Así, por ejemplo, el libro de los Proverbios presenta la sabiduría como una de las
grandes tareas que ennoblecen al hombre, siempre y cuando no se pretenda rivalizar con
el Creador, pues precisamente «el comienzo de la sabiduría es el temor de Dios» (Prov
1,7). Partiendo de la misma premisa, el libro de Ben Sira engarza cuatro cantos sobre la
sabiduría, al final de los cuales se inspira en el relato del Génesis: «Al principio él creó
al hombre y lo dejó en poder de su propio albedrío. Si quieres, guardarás los
mandamientos y permanecerás fiel a su voluntad. Él te ha puesto delante fuego y agua,
extiende la mano a lo que quieras. Ante los hombres está la vida y la muerte, y a cada
uno se le dará lo que prefiera. Porque grande es la sabiduría del Señor, fuerte es su
poder y lo ve todo» (Eclo 15,14-18).

Para ser como Dios


Por eso, escribía san Agustín: «no tengo palabras para ponderar cuánto me agrada la
sentencia que dice que no era nocivo aquel árbol por su alimento; pues el que hizo todas
las cosas sobremanera buenas no instituyó en el paraíso cosa alguna mala, sino que el
mal para el hombre provino de la transgresión del precepto. Pues convenía al hombre
que se le prohibiera alguna cosa, para que, colocado bajo el Señor Dios, pudiera de este
modo, con la virtud de la obediencia, merecer la posesión de su Señor. Obediencia que
puedo decir con seguridad que es la virtud propia de la criatura racional, que actúa bajo
la potestad de Dios; y también que el primero y mayor de todos los vicios es el orgullo,
que lleva al hombre a querer usar de su potestad para la ruina, y tiene el nombre de
desobediencia» (De Genes ad litt., VIII, 6, 12).
Con su desobediencia, Adán y Eva quieren alcanzar el «seréis como Dios», que la
serpiente les presenta como posible si se saltan la barrera de prohibición y de amenaza
de muerte, tras la cual Dios vedaría celosamente al hombre su perfección.
Paradójicamente, «ser como Dios» es también nuestro destino, nuestra vocación a la
santidad.
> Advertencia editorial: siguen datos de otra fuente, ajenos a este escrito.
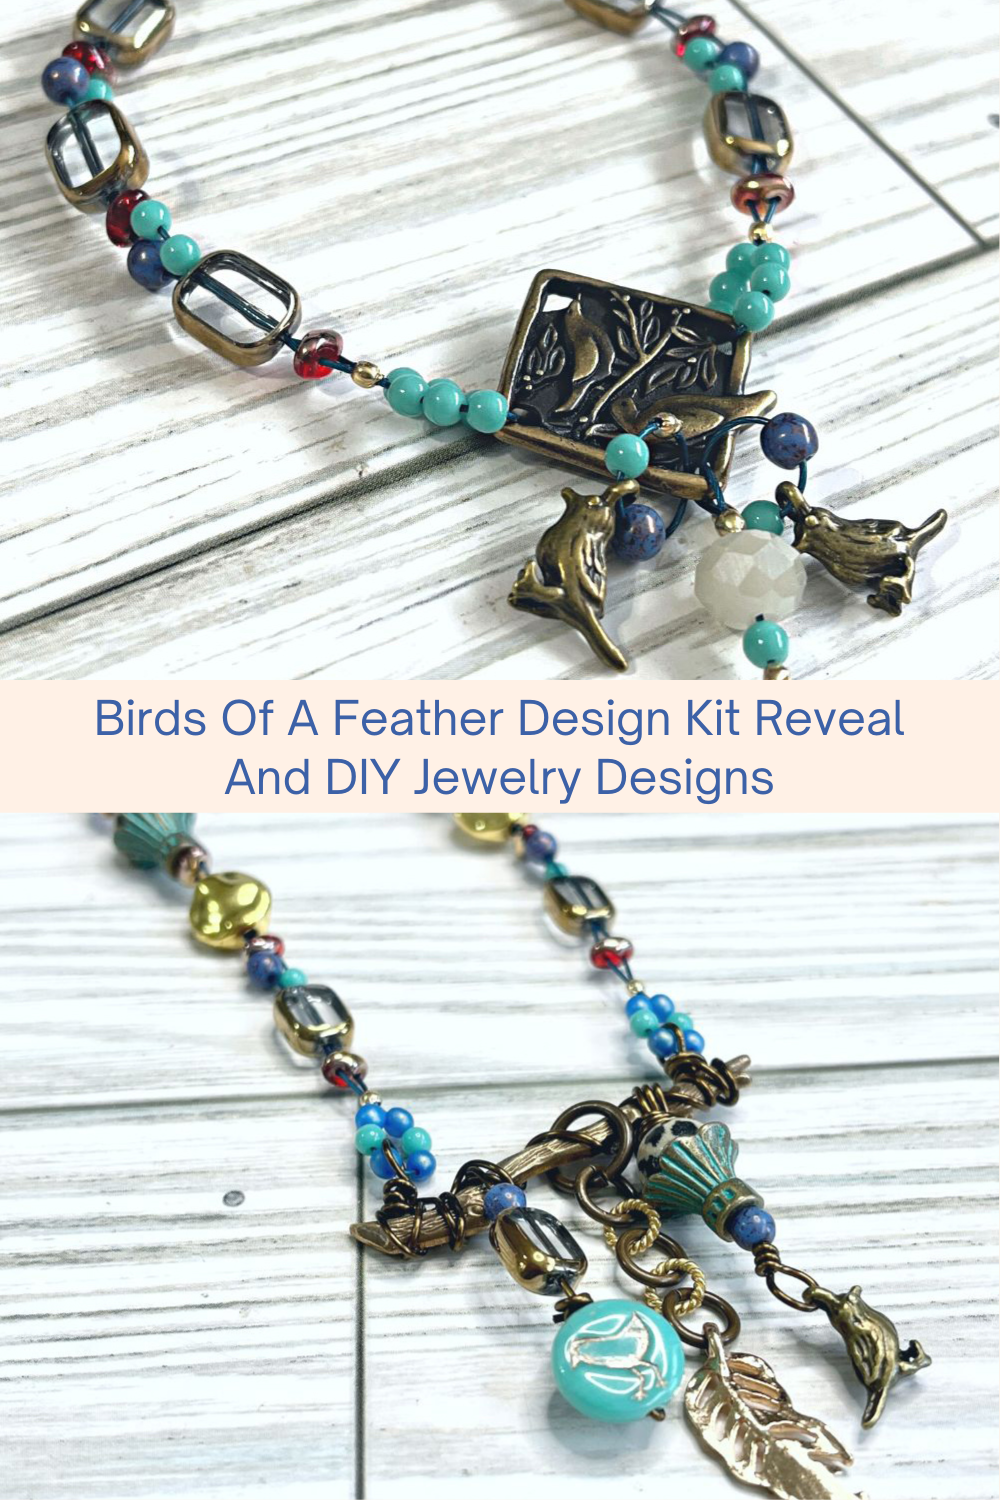 Birds Of A Feather Design Kit Reveal And DIY Jewelry Designs Collage
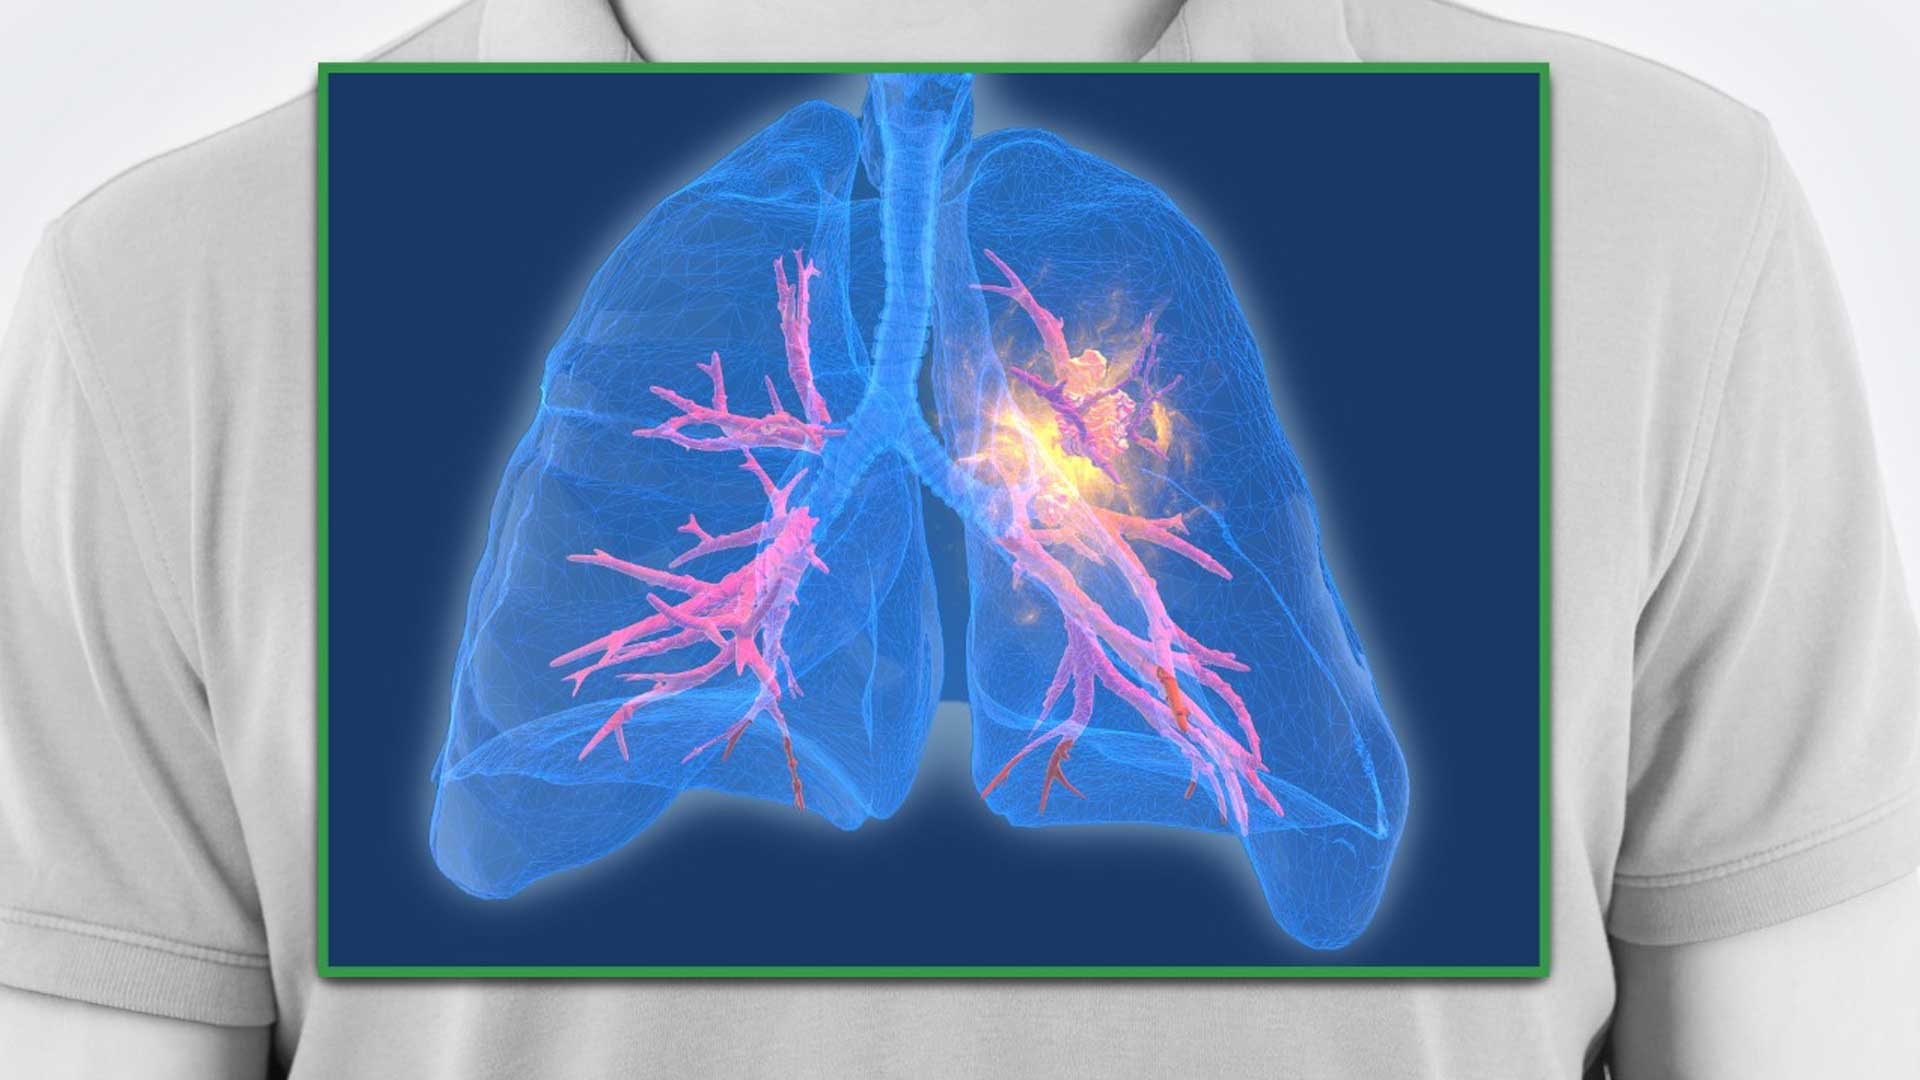 Case Study: Non-Small Cell Lung Cancer (NSCLC) Treatment

Por eso, frente al engaño del enemigo, san Pablo nos presenta a un nuevo
Adán que «siendo de condición divina, no retuvo ávidamente el ser igual a Dios; al
contrario, se despojó de sí mismo» y «se humilló a sí mismo, hecho obediente hasta la
muerte» (Flp 2,6-8), en el árbol de la cruz. Con su ejemplo, Jesús nos muestra el único
camino para ser como Dios, para gozar de la Vida: la obediencia filial.

El fruto prohibido
¿Y qué decir del fruto en sí mismo?, ¿se trataba realmente de una manzana? Se han
propuesto o representado muchos posibles frutos, como la granada, la manzana, el higo,
la uva, etc. Uno de los comentarios judíos más importantes del Génesis –Génesis
Rabbah (edición y traducción española de L.Vegas Montaner)– recoge las principales
respuestas de los antiguos rabinos a la pregunta de: «¿Qué era aquel árbol del que
comieron Adán y Eva? R. Meir decía: Era trigo, pues cuando una persona carece de
conocimiento, la gente dice: “Ese hombre no ha comido pan de trigo en su vida”». A la
objeción de que el texto bíblico habla de árbol y el trigo carece de ese porte, Rabbí
Meier replica que entonces «crecía como los cedros del Líbano». Otro rabino dijo:
«Eran uvas, pues se dice: “Sus uvas son uvas venenosas, racimos amargos tienen” (Dt
32,32): esos racimos trajeron amargura al mundo». El maestro Abba de Akko se
decantaba por una especie de cidro o naranjo. Por su parte, «R. Yosé decía: Eran higos.
Deriva lo que no es explícito a partir de lo que ha sido explícitamente dicho, y lo
explícito a partir de su contexto»; en efecto, ¿qué dice el libro del Génesis? que apenas
comieron del fruto, «descubrieron que estaban desnudos; y entrelazaron hojas de
higuera y se las ciñeron» (Gén 3,7).
Tras haber pasado revista a estas soluciones, el comentario concluye: «¡Déjalo en paz!
El Santo, bendito sea, ni ha revelado al hombre qué árbol era, ni lo va a revelar», por
consideración a un árbol inocente que no debe cargar con el desprecio y la culpa de los
que pecaron con él.

La dichosa manzana
En occidente, el fruto prohibido ha ido asimilándose con la manzana. En esta
identificación puede haber influido la mitología grecolatina de la manzana de oro, o
manzana de la discordia, que está en el origen de la guerra de Troya. También se recurre
a la explicación de una confusión entre dos palabras latinas similares: «malum» puede
significar “mal” o “malo”, pero también puede ser un sustantivo neutro que se traduce
como “fruto”, “poma” o sencillamente “manzana”. Cuando se comienza a estudiar latín
es posible que el profesor o algún alumno aventajado nos sorprenda con la expresión
«mater tua mala burra est»; la indignación o sorpresa ante lo que parece un insulto –«tu
madre es una mala burra»–, cede cuando nos explican que en este caso “mala” es
acusativo plural y que “est” no es del verbo “ser”, sino de “comer”: «tu madre come
manzanas rojas». La traducción latina de la Biblia hace que el fruto del árbol del bien y
del mal nos suene a manzana.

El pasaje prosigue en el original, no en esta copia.